■ Work request:
Every picture is to be removed, and all the data is to be copied exactly.

[[ Dataset content open ]]

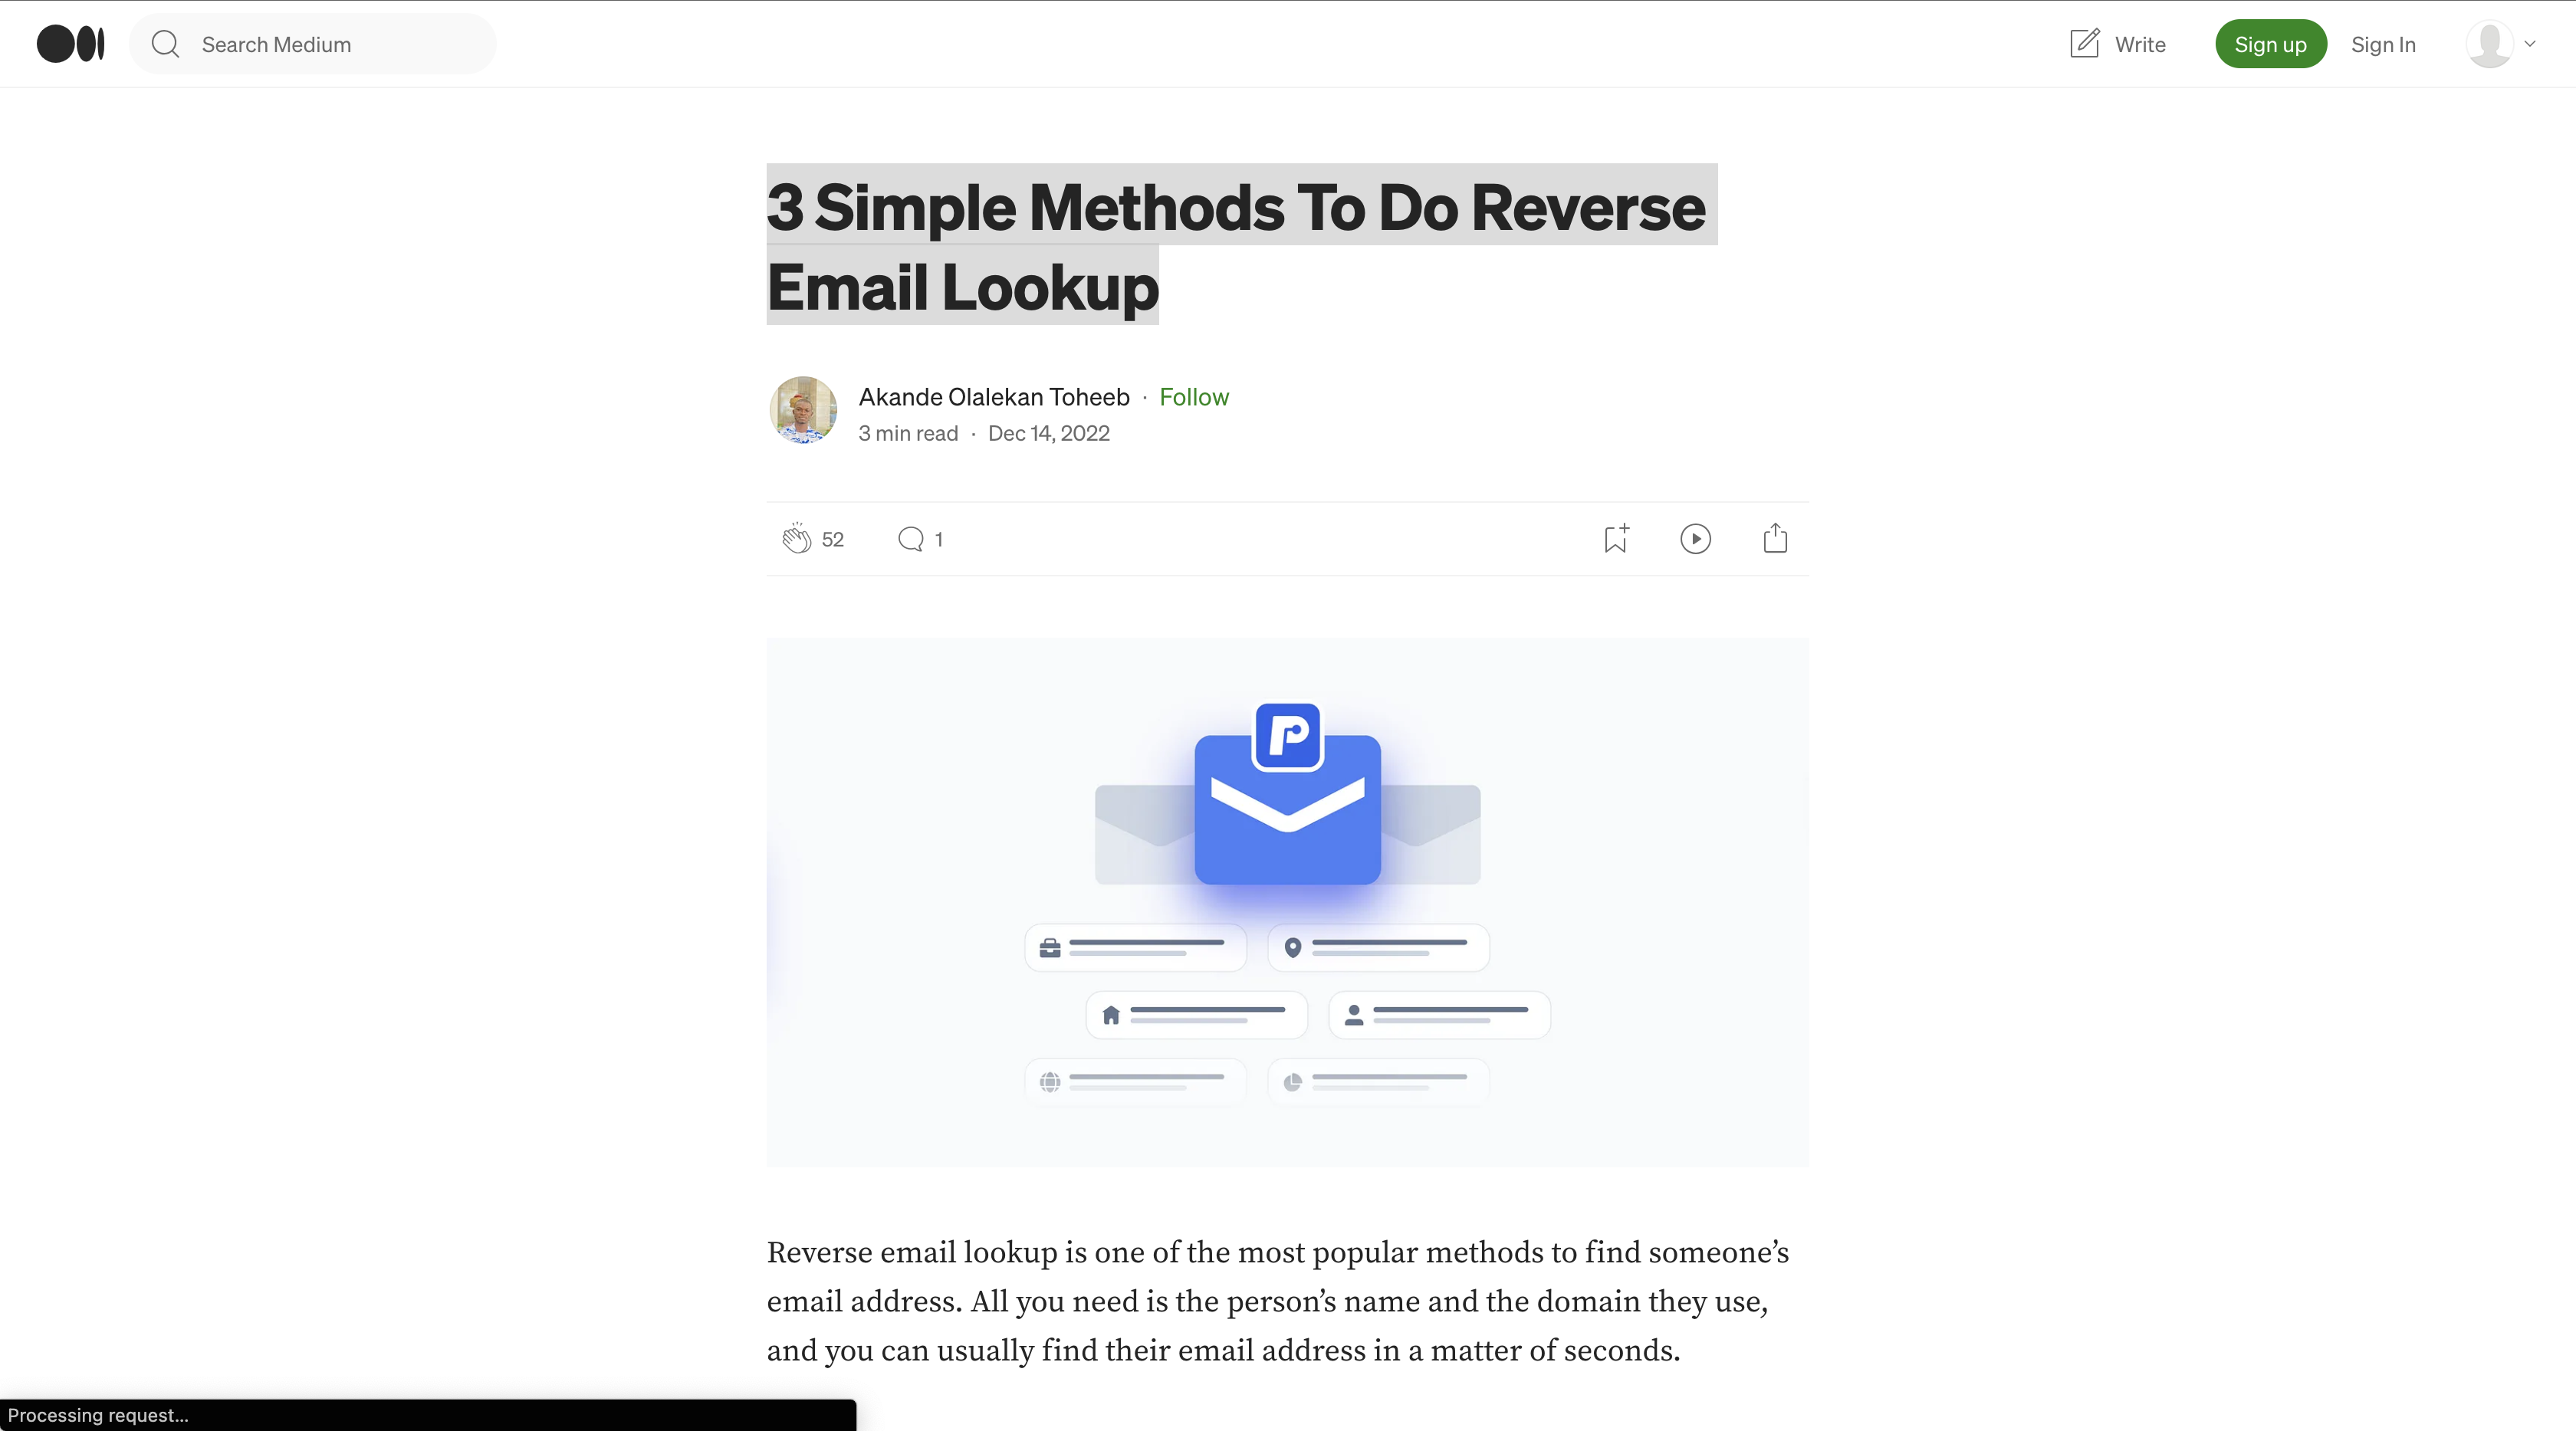 3 Simple Methods To Do Reverse Email Lookup
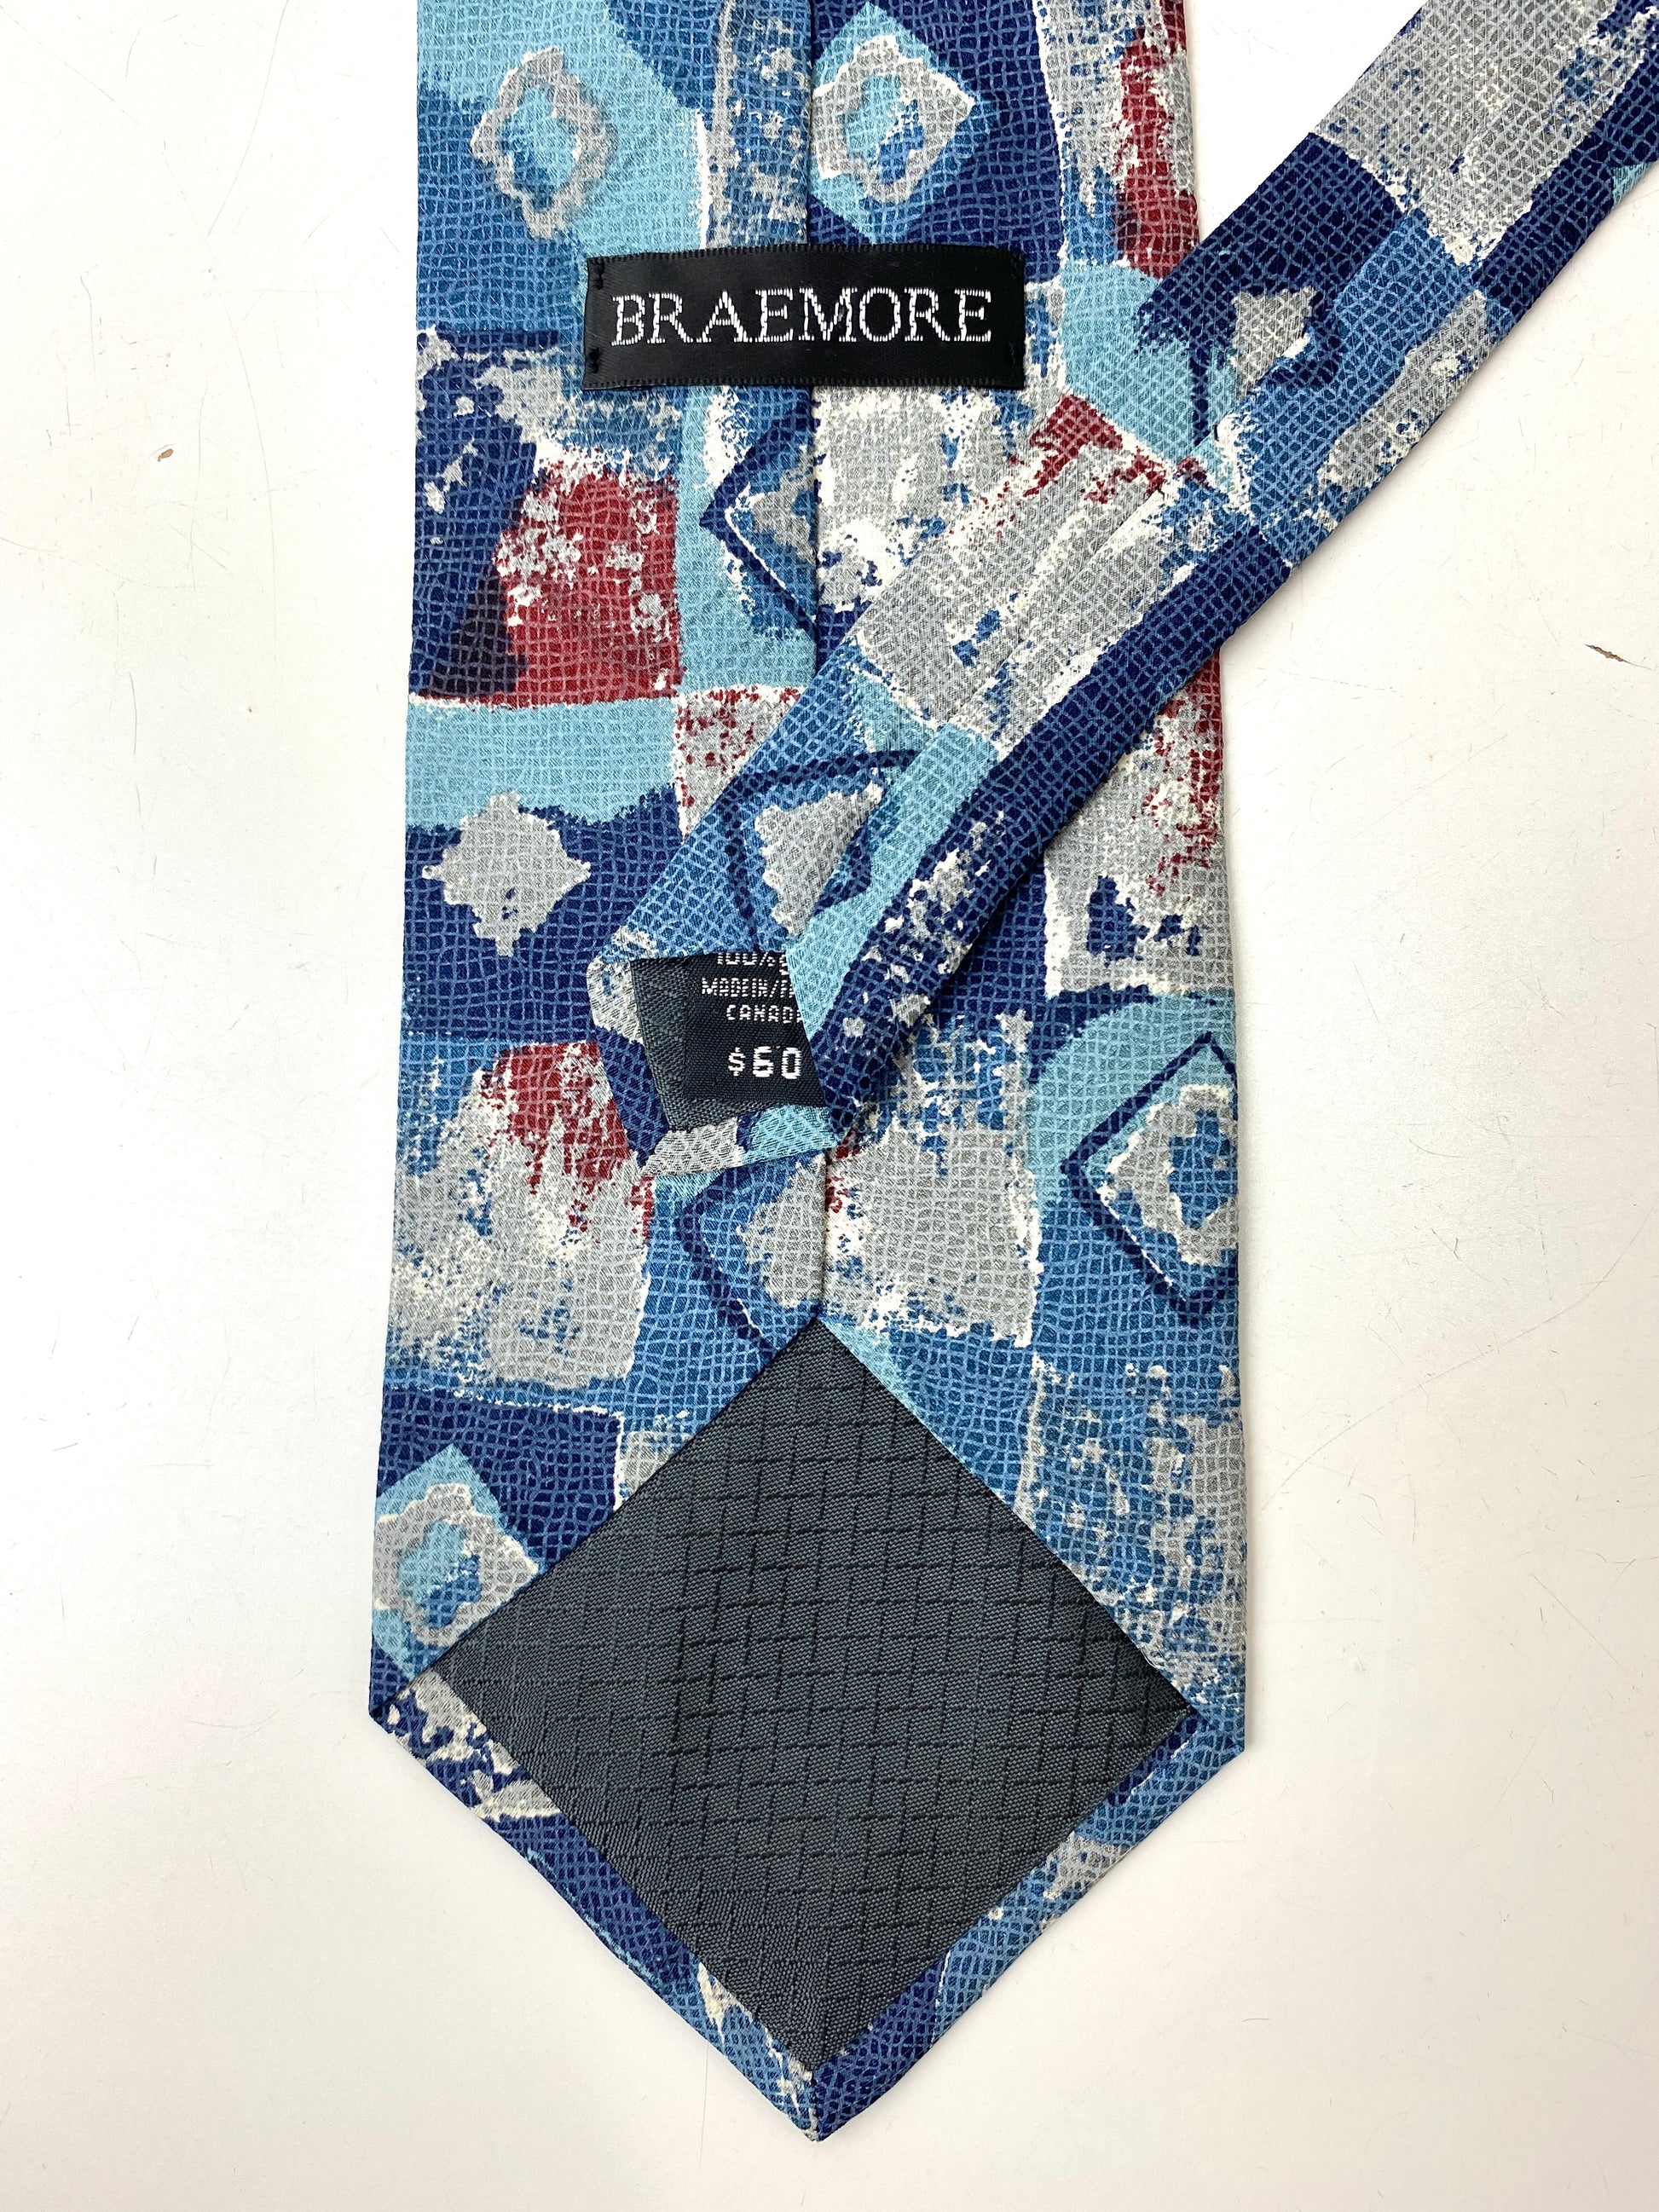 Back and labels of: 90s Deadstock Silk Necktie, Men's Vintage Blue/Red Diamond Square Pattern Tie, NOS
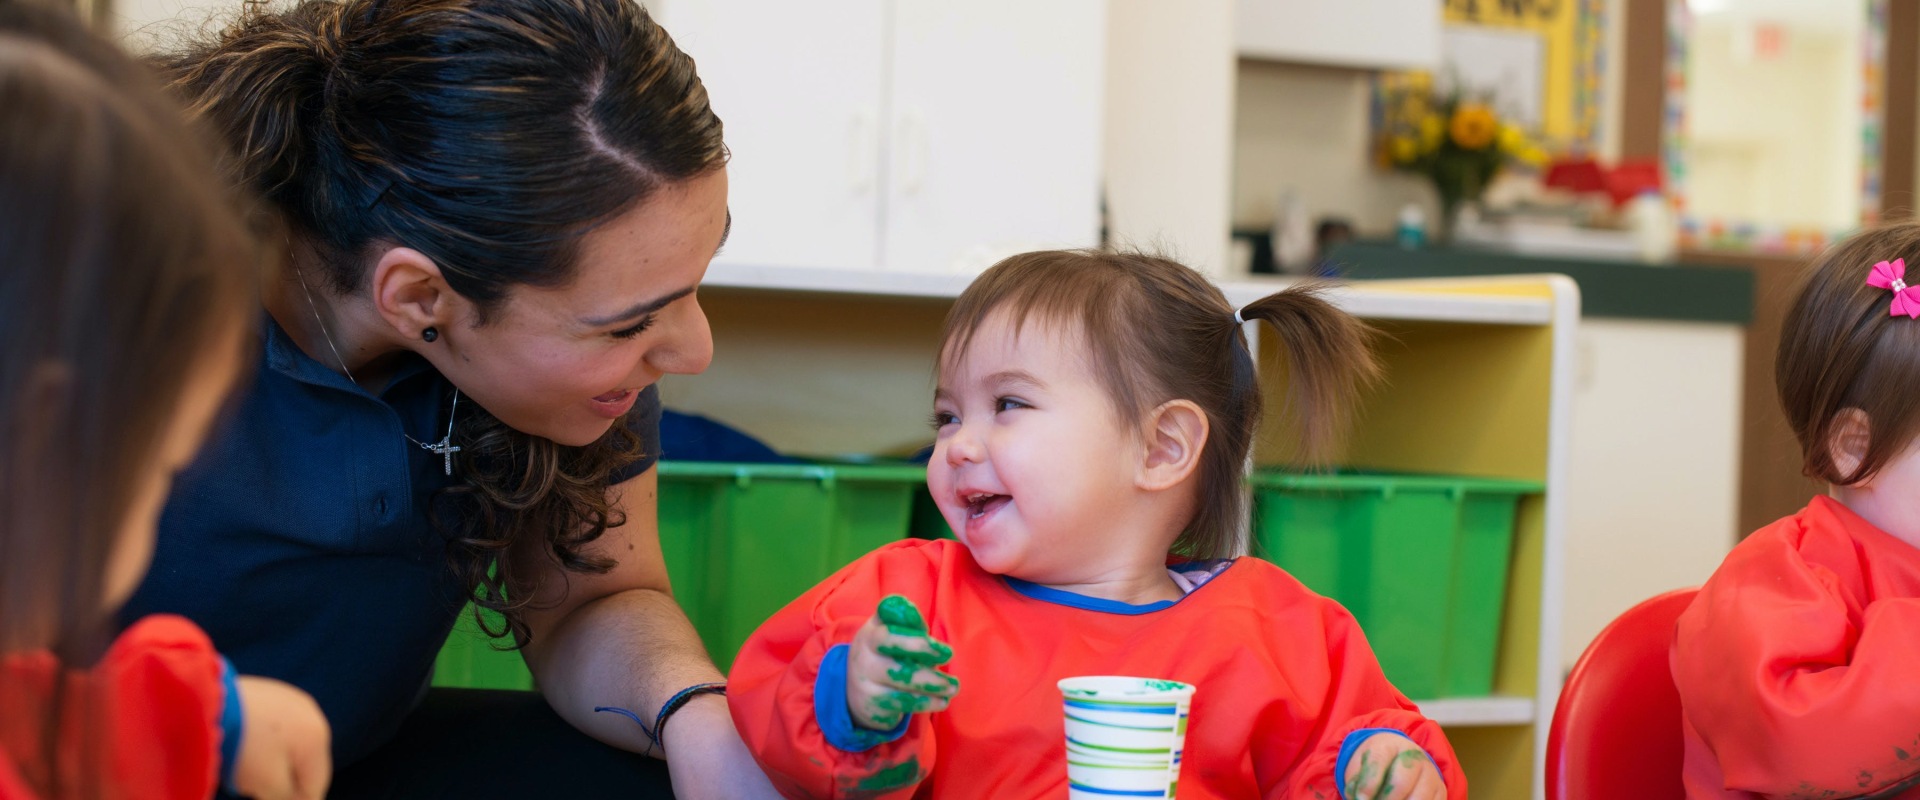 The Top 10 Daycares and Preschools in Columbus, Ohio

[[ Dataset content closed ]]

■ Answer below:
 3 Simple Methods To Do Reverse Email Lookup
 Back and labels of: 90s Deadstock Silk Necktie, Men's Vintage Blue/Red Diamond Square Pattern Tie, NOS
 The Top 10 Daycares and Preschools in Columbus, Ohio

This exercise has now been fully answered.